Raül: We, we start having more and more students so we see that… that little space that we had divided into two. We had to remove the reception basically. Then there was no reception. We had a problem. But there was another door in that little, little space that had a little hole. We said let’s make this hole the reception desk. The only problem was that the bathroom was behind. So students went to the bathroom and I was just there. So it was real embarrassing for me and for the students and even more when new clients came to ask and then they saw somebody coming out of the bathroom.
Bree: Eventually we moved into a bigger school where we did a renovation and this gave us a chance to create a school exactly how we wanted it. So all of the classrooms that were along.. that were exterior, they would be all glass and the interior ones but also have glass so you could see you from one room to another. And Raül also had clear that he wanted a space where students could come in and they could drink tea or a coffee.
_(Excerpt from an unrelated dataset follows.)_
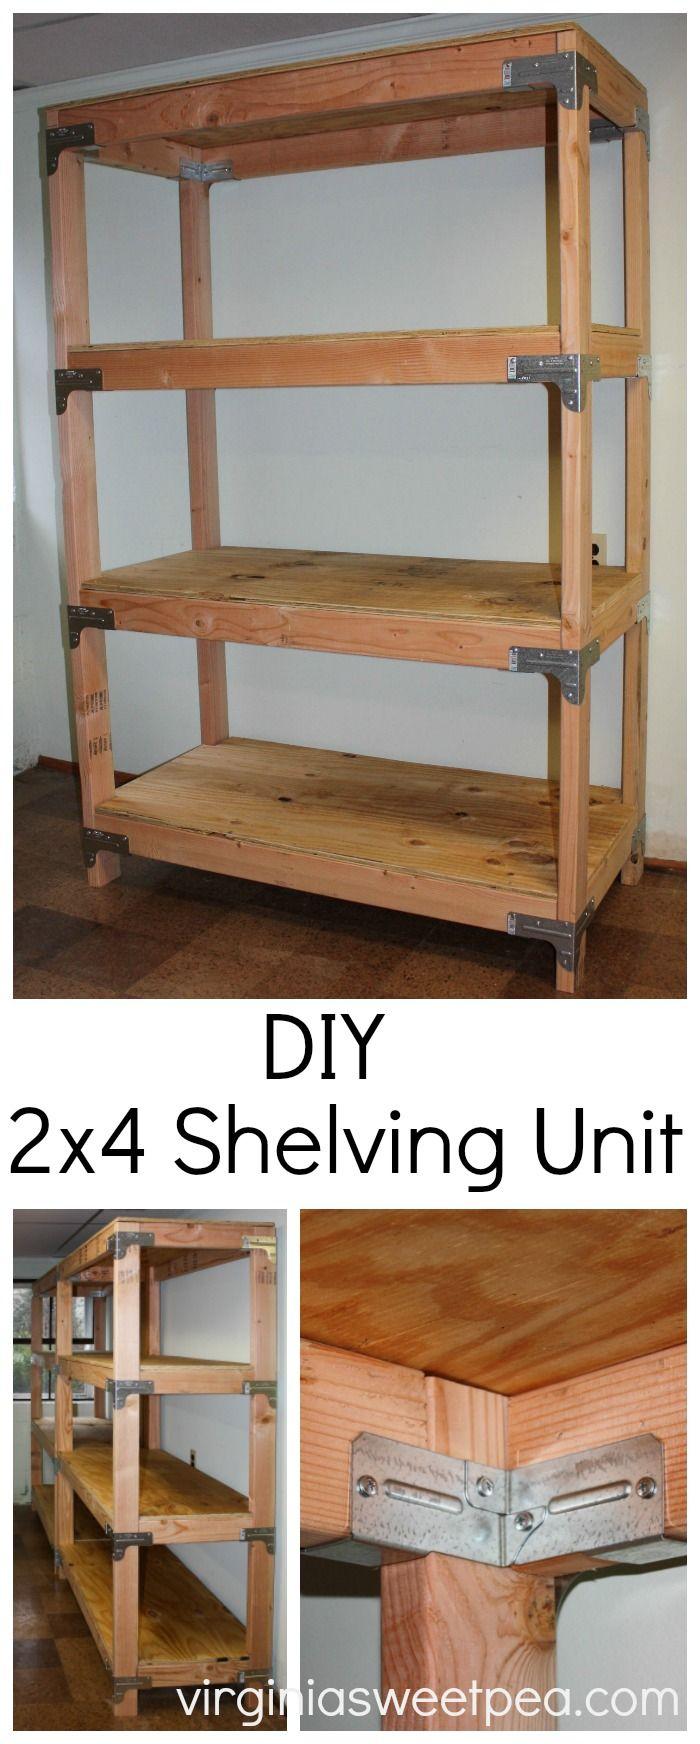 DIY 2x4 Shelving Unit Home remodeling diy, Wood shelving

Raül: Really I thought about tea time at Georgina’s house when I was little. That time of the day to slow down and connect. In a way I wanted to engineer a space to give students a chance to live in English. Our philosophy from the beginning was to, to learn English through, yes through classes, but also through living in English.
Bree: We started creating video classes that were directed at Spanish speakers. We started building an online course.
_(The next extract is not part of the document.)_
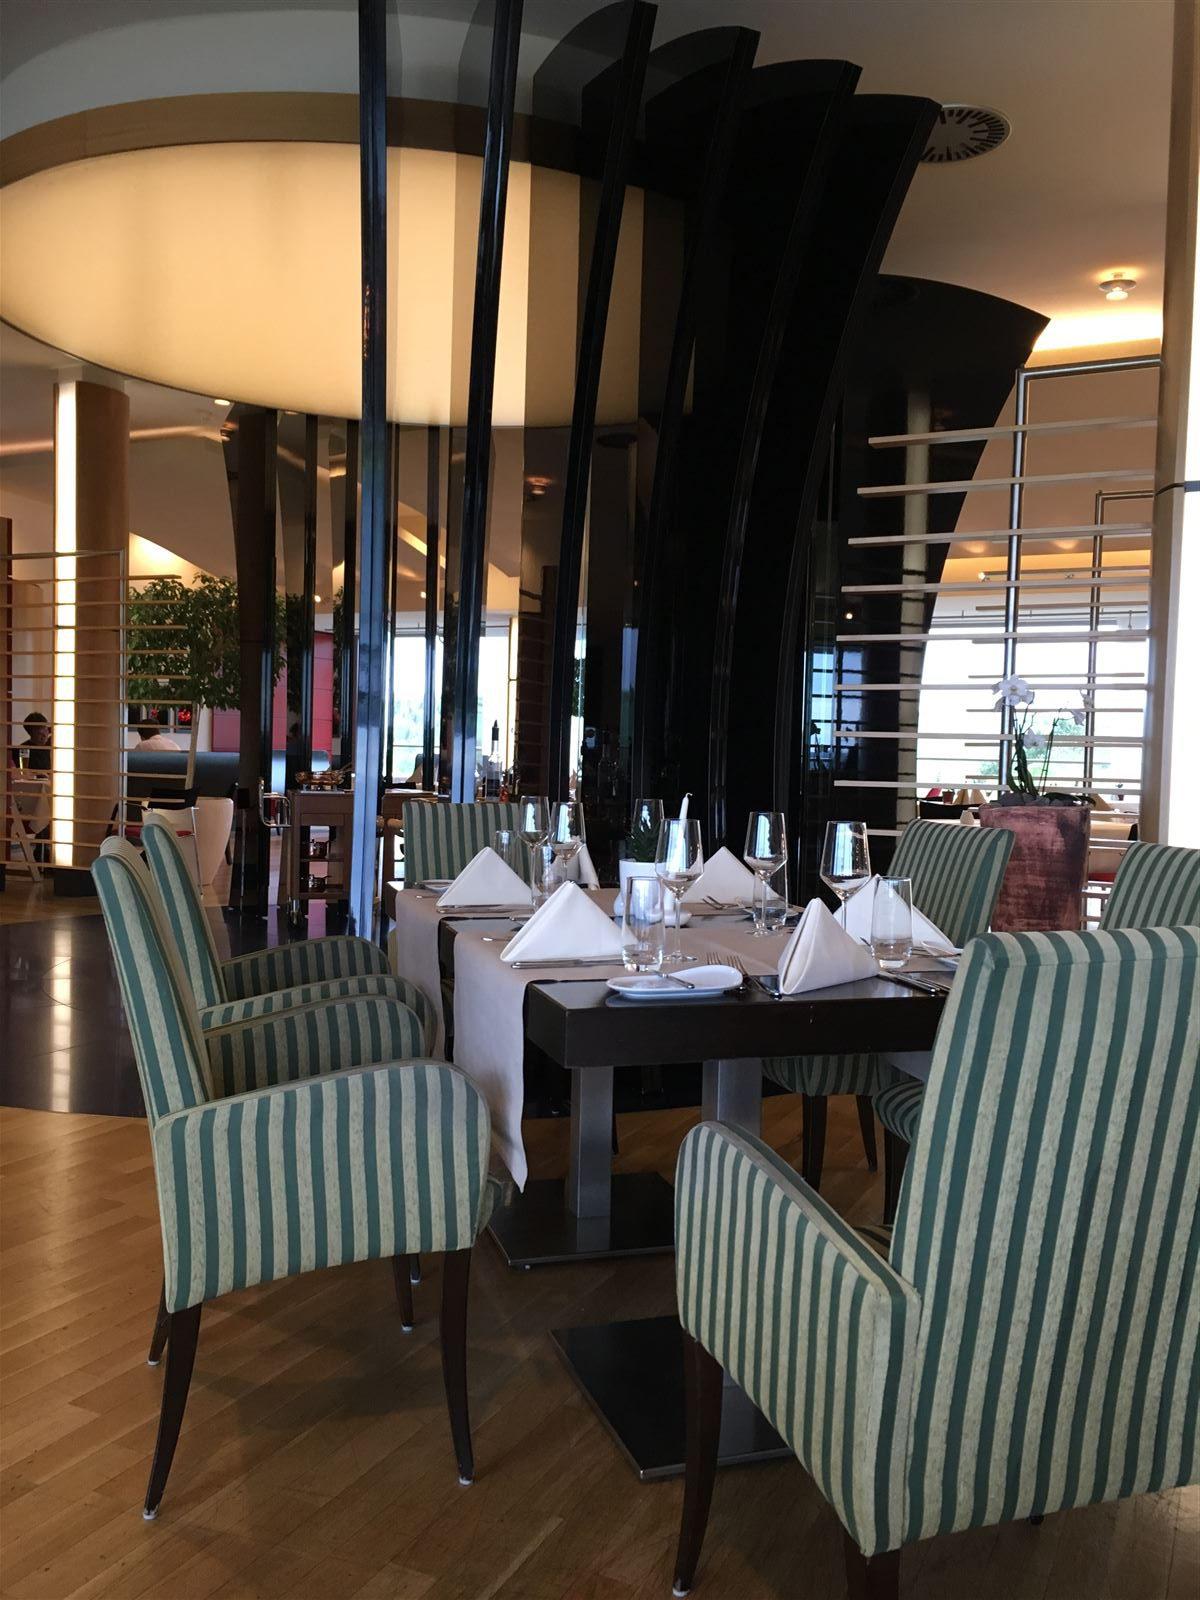 Zeulenroda - Bio-Seehotel - Restaurant

Raül: In this new phase, 2020. We are now 100% online. I feel the same ‘ilusión’ I had living next door to Georgina when I was little. That feeling of amazement at being able to connect with a different culture and a different language. You just have to feel your guts and and…
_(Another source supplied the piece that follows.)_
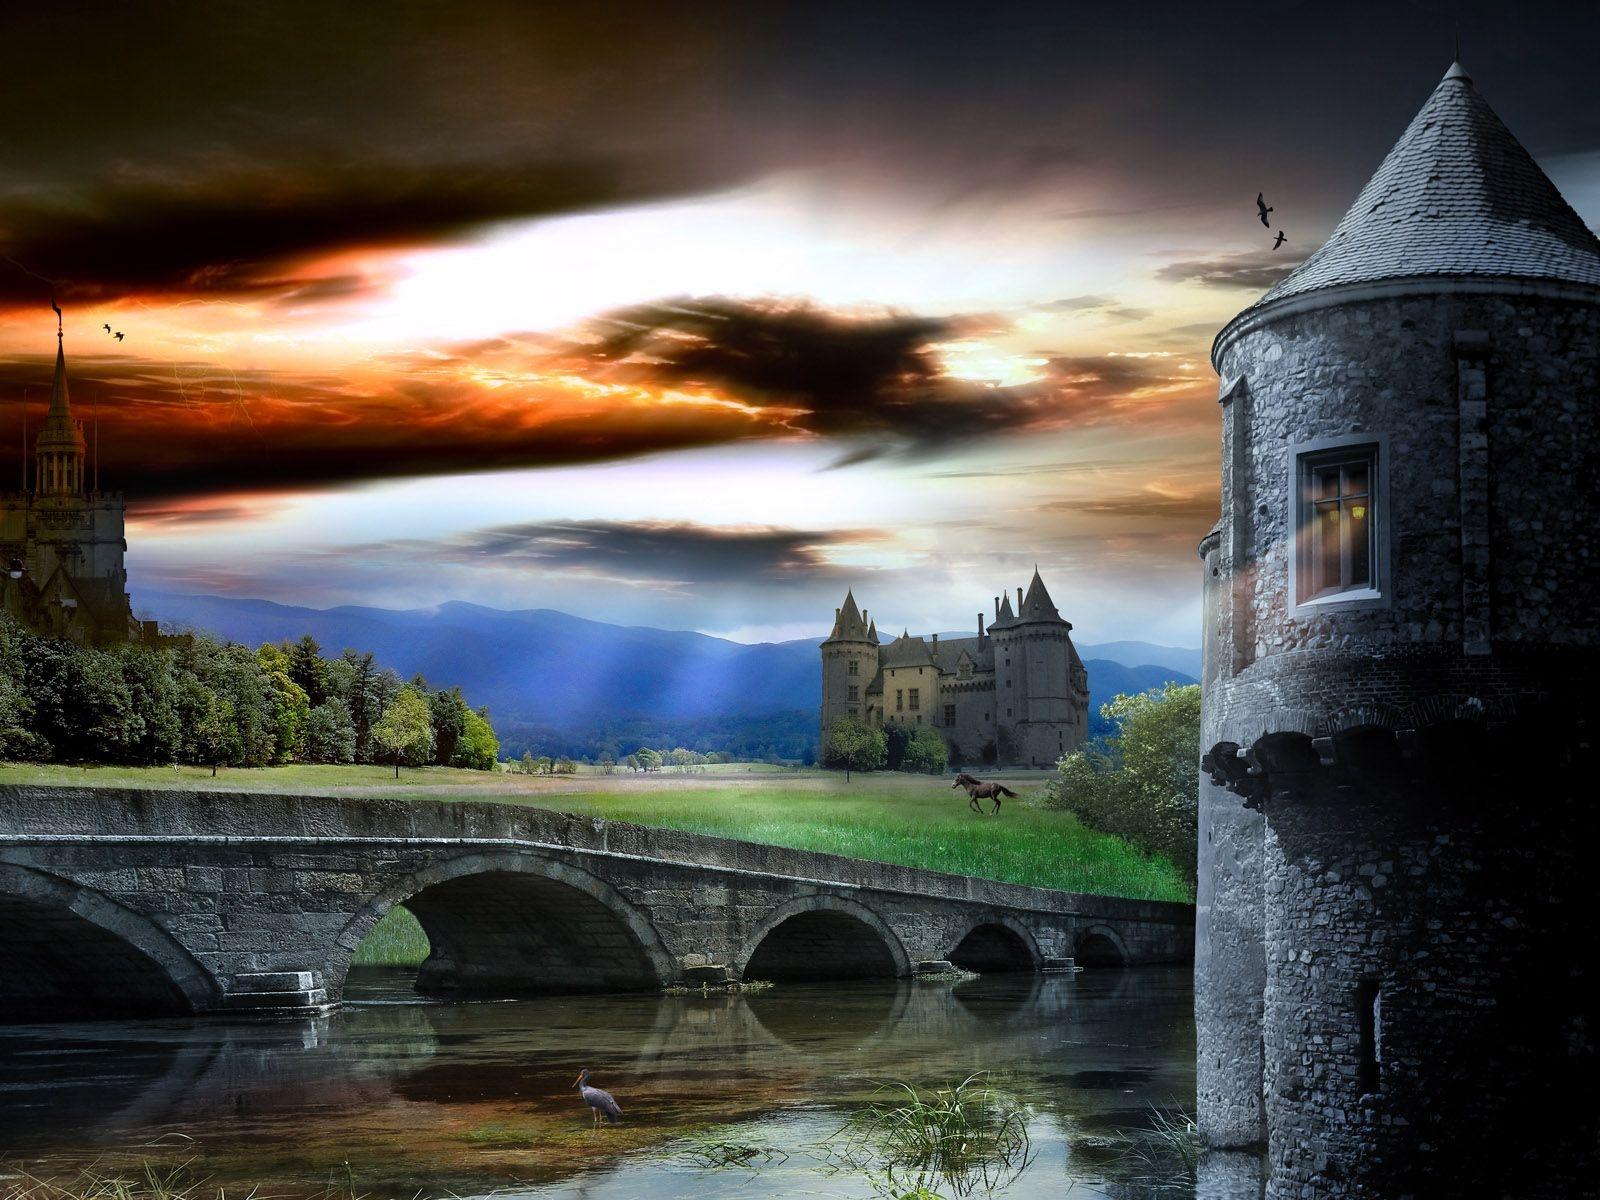 Free Desktop Wallpaper Amaze Your Friends: Amazing Fantasy Castle Wallpapers Free Download Your

Raül: Ah no feel your guts no follow your gut.
Bree: Go with your gut
Raül: You just have to go with your gut..s. Gut or guts?
Bree: Guts is for gory whereas gut is more ‘tu intuición’.
Raül: So you just have to go with your gut.
Bec: That’s all for today! We hope you enjoyed Bree & Raül’s story of AC. Si te ha gustado este podcast y quieres apoyarnos, déjanos 5 estrellas en itunes. Para conseguir la transcripción, vocabulario clave, y ejercicios del episodio visita acingles.com. Thank you for listening, until next time we hope you have a good time, or at least, a good story to tell.
Quote of the episode
Go with your gut en español
Y la expresión que hemos escogido para esta semana… ‘go with your gut’. Utilizamos esta frase para referirnos que uno sigue su intuición o sus instintos. También podríamos decir ‘go with your gut feeling’. Generalmente, se usa el térmito ‘gut’ para referirse a la panza o la barriga en español.
Raül utiliza la expresión ‘go with your gut’ para describir la sensación que tiene ahora como emprendedor, trabajando para crear la nueva academia virtual de AC. Veamos cómo la usa:
‘…this new phase, 2020. We are now 100% online. I feel the same ‘ilusión’ I had living next door to Georgina when I was little. That feeling of amazement at being able to connect with a different culture and a different language. You just have to… go with your gut.’